Patentable Inventions

To determine if an invention is patentable, it must be relatively new as defined by patent law. Inventions that have been on sale, used by the public, or described in printed publications for over a year cannot be patented. Inventors can submit a patent application for the same invention in multiple countries.

Patenting organizations that publish patent applications include the WO, WIPO (World Intellectual Property Organization), and the EP (European Patent Office). Such published applications provide detailed information on inventions before they appear in U.S. patents.

Propagation of New Technologies

The patenting system was designed to propagate new technologies by publishing lists of new inventions and their full details. As such, patent documents are important sources of information for researchers.

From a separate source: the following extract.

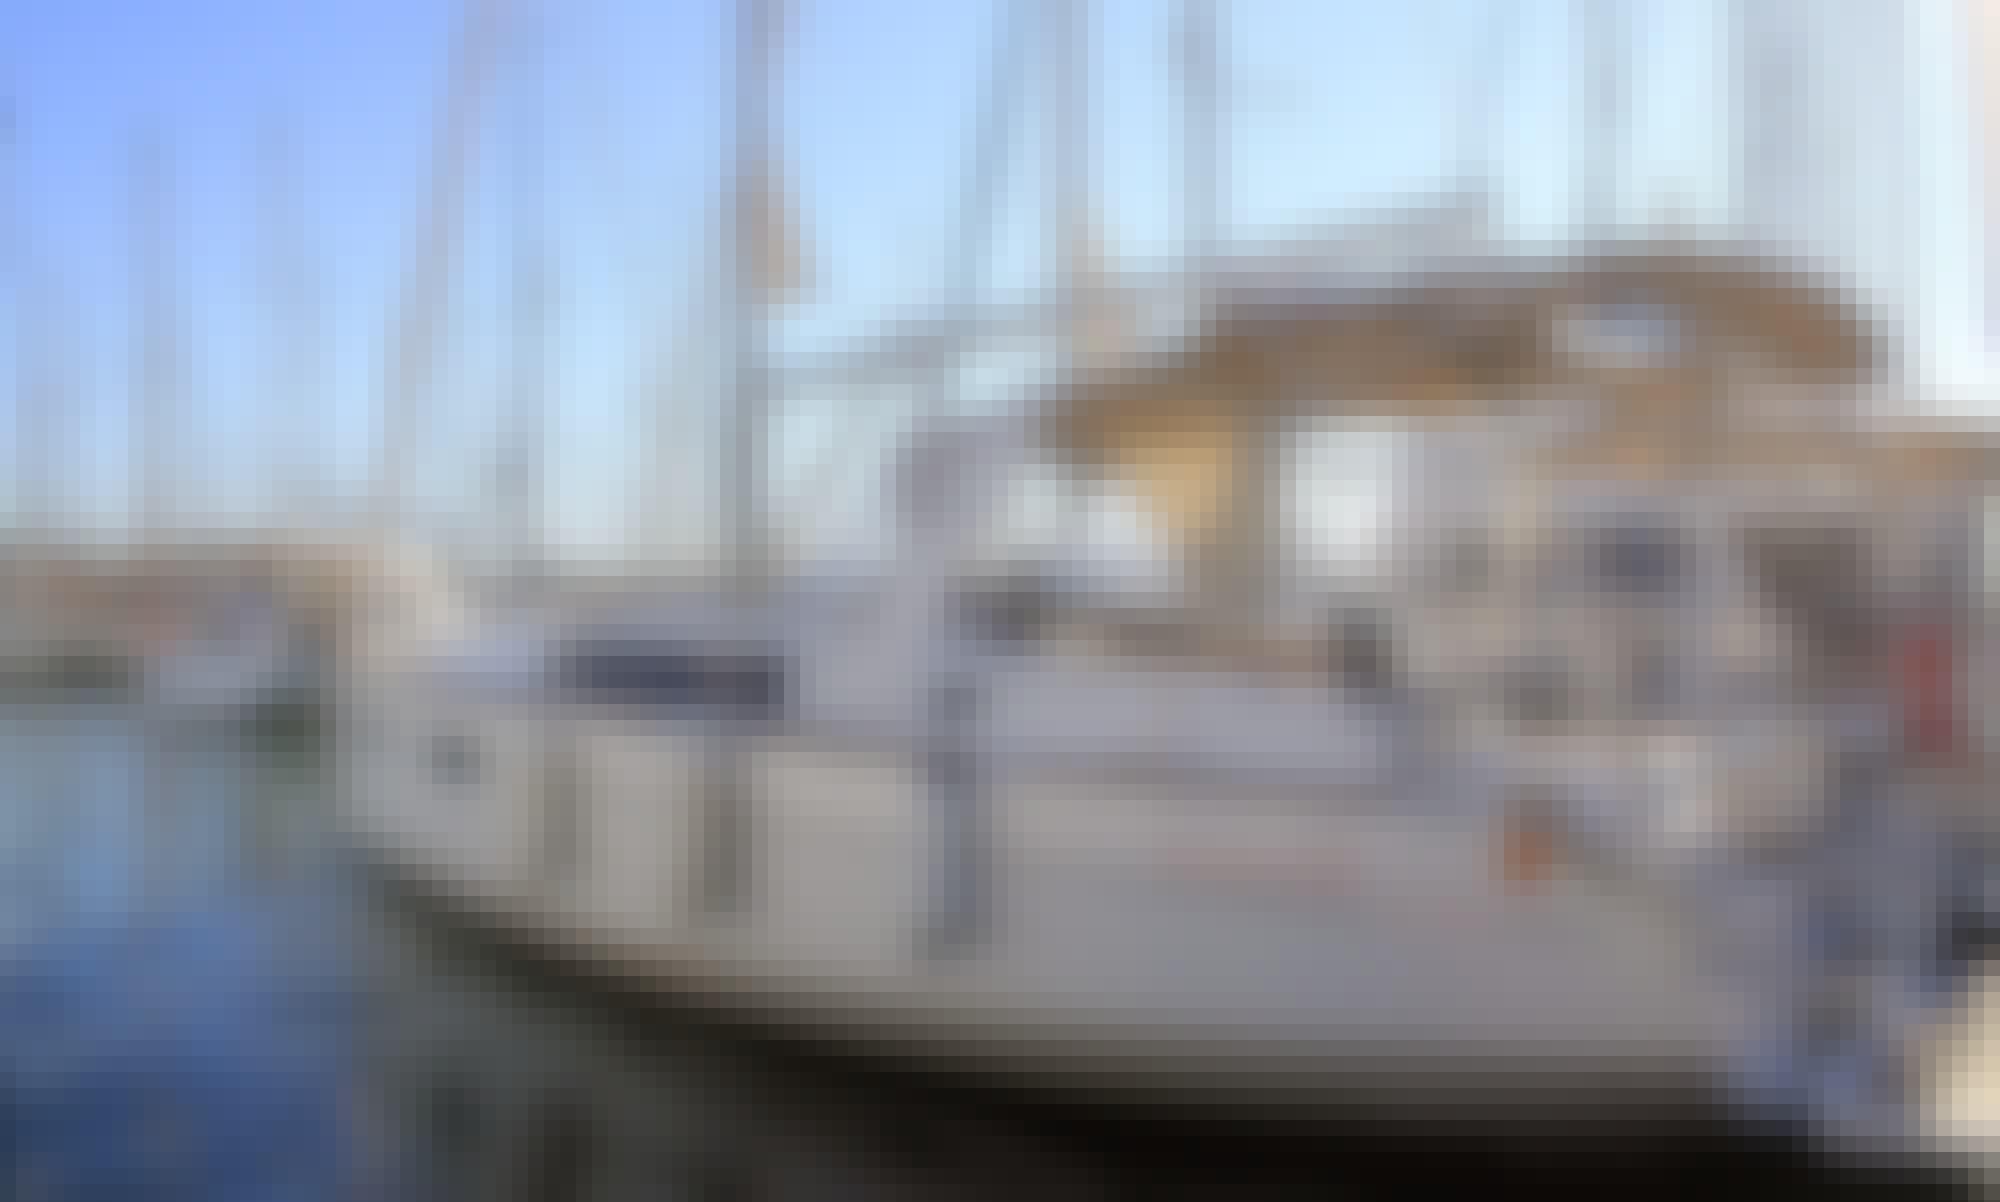 Charter the 2018 Oceanis 35.1 at l'Estartit, Costa Brava, Spain

For an invention to be patentable, it must possess these basic criteria:

  • It must be useful.
  • It must be novel.
  • It must be non-obvious.

Filing a Patent Application

For an invention to be protected, it must be filed either with the patent authority in that country or with one that the country acknowledges. For instance, filing a patent with the United States Patent and Trademark Office offers no protection for the invention in Asian or European countries.

Drafting Patent Applications

Patents are legal documents that describe an invention and the idea behind the invention. Drafting a patent application requires the services of an experienced patent attorney; otherwise, you get a legal document that is imprecise or vague and therefore difficult to enforce.

Format of Patent Applications

All patent applications and patents are generally in this format:

Abstract

This contains a summary of the invention. The information to be written here should help other persons quickly understand the nature of the invention. It is important to note that this section should contain a much broader description of the invention that the claims section. The claims section is what defines the actual limits of the patent's coverage.

Background

This describes the problem as well as any solutions currently in use. Do not describe your solution or invention idea at this point since it may be considered as prior art.

Summary of the Invention

Provide a summary of your novel idea or invention and how it solves the problem stated in the last section.

Figures

Include all diagrams and drawings that illustrate the invention. A qualified patent attorney can assist in the drafting of professional patent drawings; however, hand-drawn diagrams are not unheard of in patent applications. The main point to note is that the diagram must explain the idea clearly.

Embodiment

Describe how the invention or idea can be implemented. For instance, if the idea is the use of electromagnetic in an automotive transmission, you should explain the steps required to construct such a transmission. The major objective of this section is to show the workability of the invention.

Claims

At this point, you assert the right to the specific idea or invention mentioned above. This section requires care since you must ensure that all the core ideas behind the invention are claimed else you may not get the level of protection you seek.

An experienced patent engineer and patent attorney can help you come up with a comprehensive set of claims for the patent. The claims section is very important since a law court will rule based on the information contained here (in the event of a patent infringement).

Identifying Patents

A patent's INID Codes can be found on all printed patents worldwide. It allows individuals to identify information elements in a patent. In most cases, an issued patent will be designated as “United States Plant Patent,” “United States Design Patent,” or just “United States Patent.”